Editorial
2025 hat viele Menschen psychisch stark gefordert. Druck, Krisen, Kriege und wirtschaftliche Unsicherheiten haben Spuren hinterlassen. Das zeigt sich in der hohen Nachfrage nach unseren Angeboten, im nationalen Gesundheitsbericht und in der steigenden Zahl der IV-Neurenten. Unser Engagement – von der Beratung einzelner Menschen bis hin zur Öffentlichkeitsarbeit – trägt dazu bei, Leid zu reduzieren und gesellschaftliche Verantwortung zu übernehmen. Frühzeitiges Handeln stärkt nicht nur einzelne Personen, sondern entlastet langfristig das System.
Als nationale Fachorganisation übernehmen wir eine zentrale Rolle in der Früherkennung und der Ersten Hilfe für psychische Gesundheit. Wir beraten kostenlos und niederschwellig, vertreten die Anliegen von Menschen mit psychischen Beeinträchtigungen und bringen ihre Perspektiven in Politik und Öffentlichkeit ein. Mit der Kampagne «Wie geht’s dir?», die wir im Auftrag von Gesundheitsförderung Schweiz gemeinsam mit den Deutschschweizer Kantonen umsetzen, sensibilisieren wir zudem für die Pflege der psychischen Gesundheit. Seit Mitte Jahr stehen sechs Impulse zur Stärkung der psychischen Gesundheit im Mittelpunkt. Sie bieten konkrete Anregungen, wie jede*r die eigene psychische Gesundheit pflegen kann. In diesem Jahresbericht dienen sie uns dazu, zentrale Ereignisse des Jahres zu skizzieren und Einblick in unsere Angebote und Arbeit zu geben.

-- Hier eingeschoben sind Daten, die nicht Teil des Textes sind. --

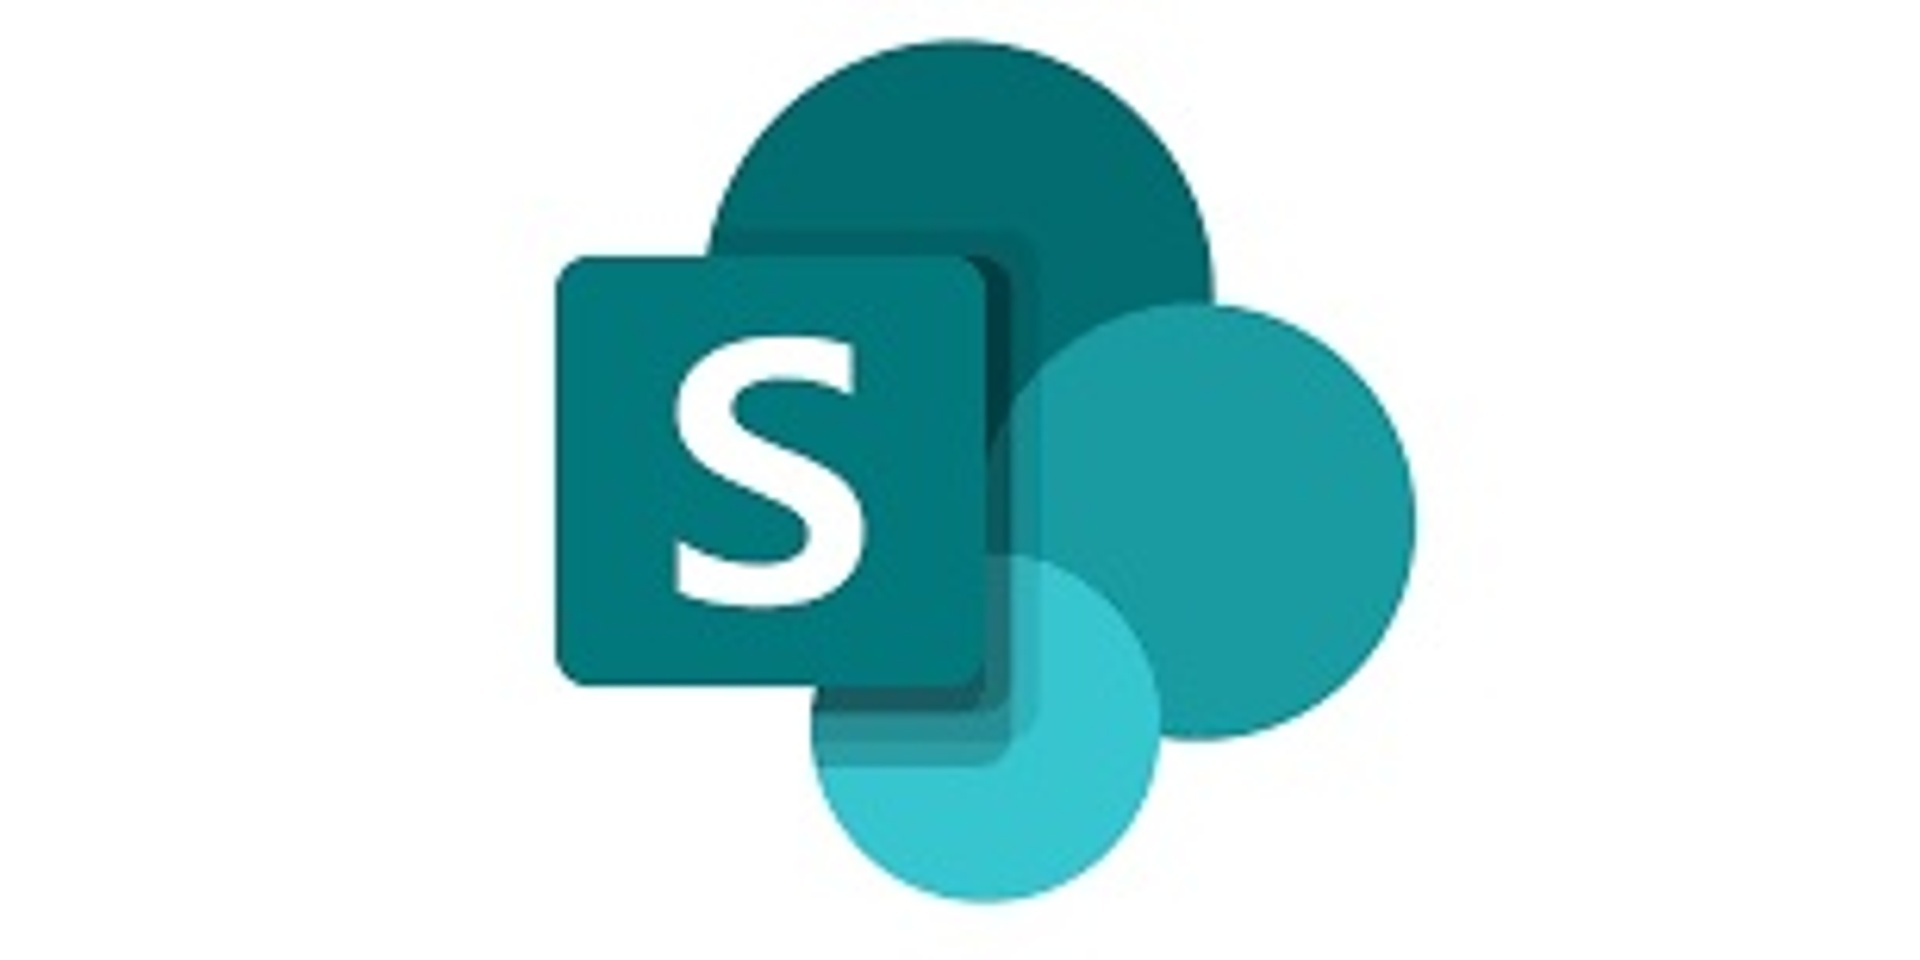 SharePoint Online/2019 for End Users, Training Course in Canberra

Das Jahr 2025 brachte auch im Stiftungsrat Veränderungen: Unser langjähriger Präsident Thomas Ihde hat sein Amt abgegeben. Matthias Jäger wurde zum neuen Präsidenten gewählt. Wir danken Thomas Ihde herzlich für sein engagiertes Wirken und freuen uns auf die Zusammenarbeit mit Matthias Jäger, der mit seiner Fach- und Praxisexpertise ideale Voraussetzungen für das Präsidium mitbringt. Ich wünsche Ihnen eine bereichernde Lektüre und danke Ihnen für Ihr Interesse und Ihre Verbundenheit mit unserer Stiftung.